A member of the Haslam College of Business faculty since 1989, Robert Mee is the William and Sara Clark Professor of Business Analytics and teaches statistics courses for undergraduate, graduate and doctoral students, as well as a popular first-year studies course called “The Question of God.”
In 2016, Mee applied to teach at Nankai University in Tianjin, China, through China’s Thousand Talents program. A former student had told him about the opportunity.
“Through this program, China funds faculty from overseas to work either part-time or full-time in China,” he says. “I’d visited Nankai University previously and had a few connections there.”
Mee was accepted and began a three-year contract for part-time teaching and researching at Nankai, which has a growing statistics program.
“I went for one month in 2017, and this year I was there for two months,” he says. In 2018, Mee taught a one-credit class titled “Experimental Design Augmentation.”
“Teaching for two weeks facilitated connections with Ph.D. students and led to some shared research with faculty and students,” he says.
Mee is co-chair for the next Design and Analysis of Experiments (DAE) Conference, which will be hosted at the Haslam College of Business in October 2019. The DAE Conference series began in 2000; UCLA hosted in 2017.
“We’re really excited about this event. Each session is designed to have one senior person, one mid-career person, and one either Ph.D. student or recent graduate,” Mee says.
The conference sponsors Ph.D. students who want to come and will draw 80–100 attendees from across the country.
“The best way to build design of experiments as a research field is by including Ph.D. students in such a conference.”
“It’s certainly a good time for the department, and we are looking forward to hiring several new faculty members,” he says. “We need that to support growth of the MSBA and the undergraduate analytics program.”
Mee is thrilled that the MSBA program received the 2018 UPS George D. Smith Prize from INFORMS, the leading international association for operations research and analytics professionals.

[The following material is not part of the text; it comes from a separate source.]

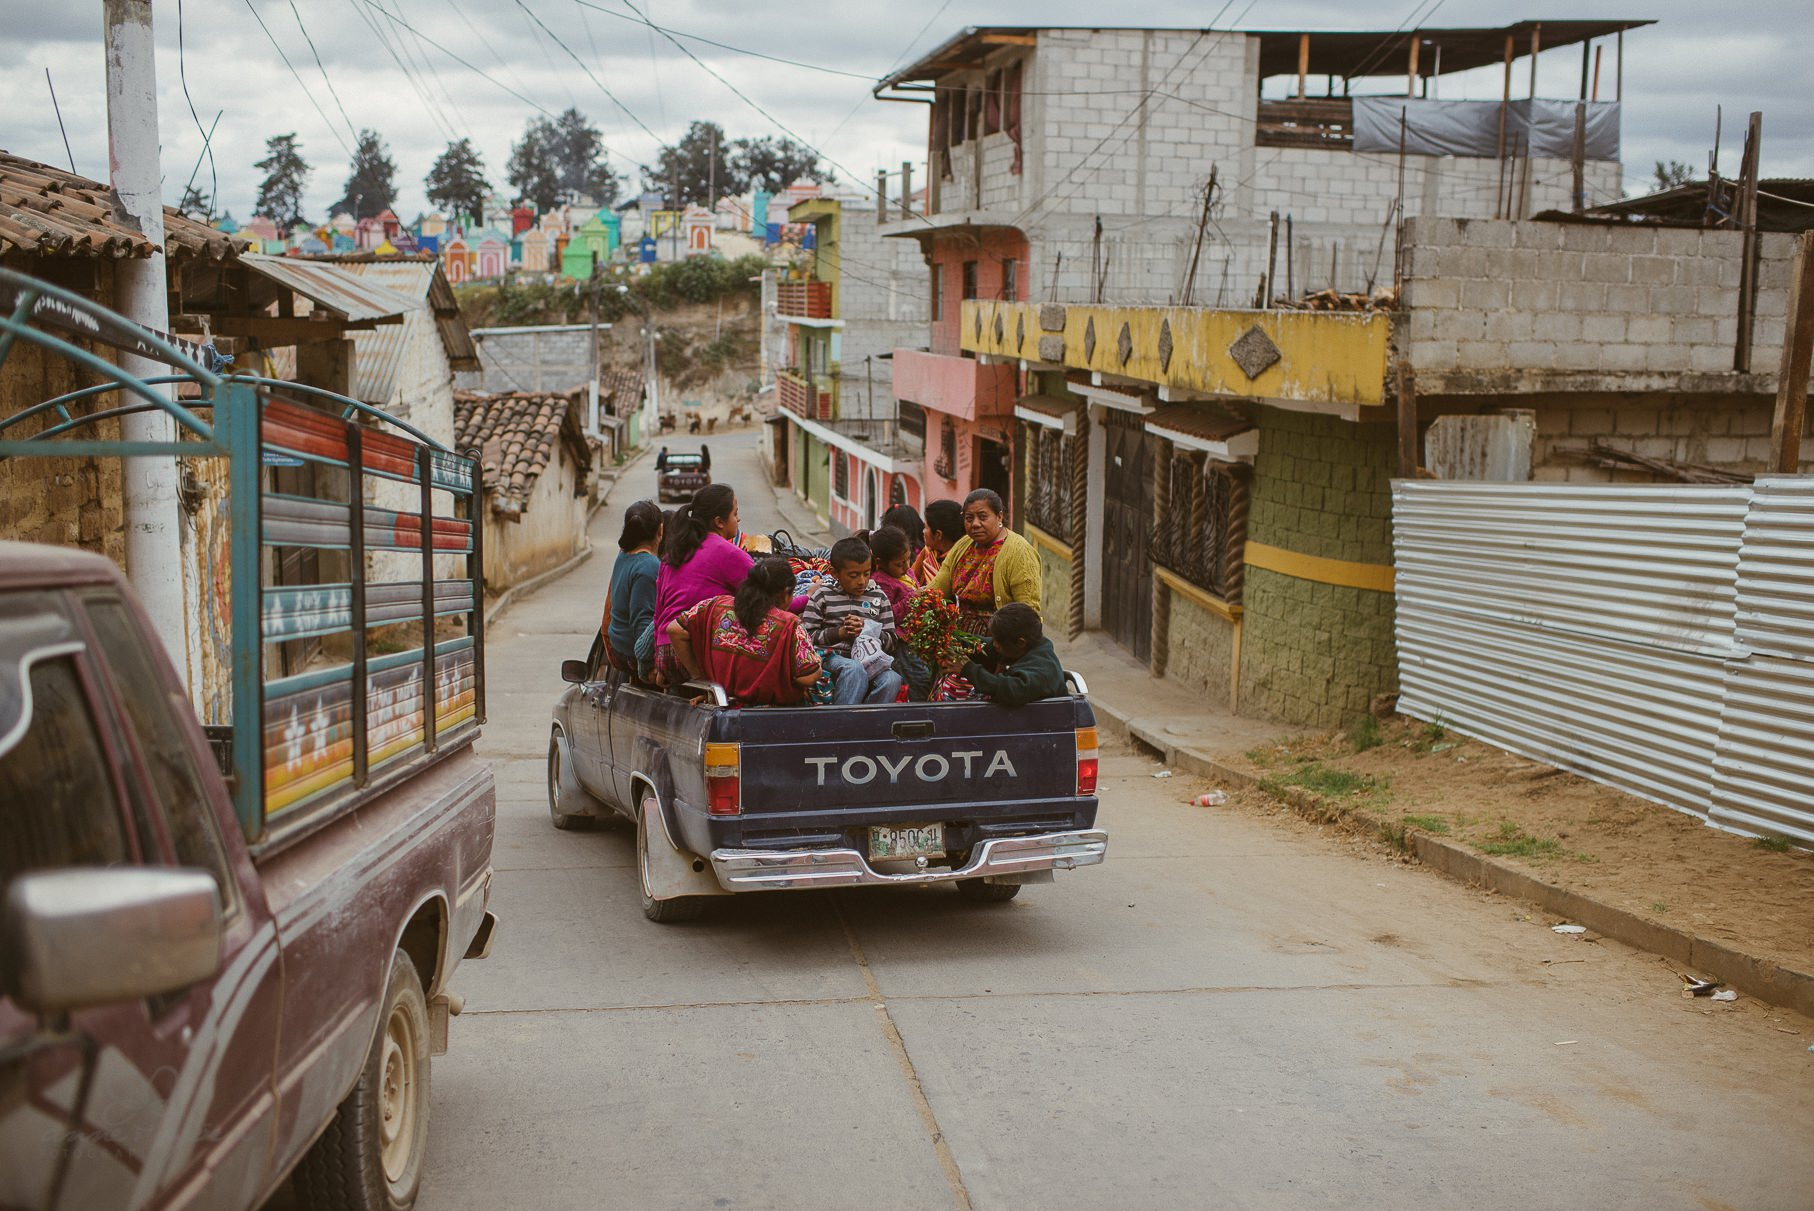 0150 anne und bjoern guatemala d75 2845 - 4 Wochen durch Guatemala - backpacking durch Mittelamerika

“Masters in business analytics have only developed over the last decade; because they’re new, they’re not yet in U.S. News & World Report or other widely recognized rankings,” he says. “Universities compete for the Smith Prize, which is awarded for excellence in preparing analytics practitioners. Winning this award brings well-deserved recognition to UT’s MSBA and will increase the number of applicants and employers coming to UT.”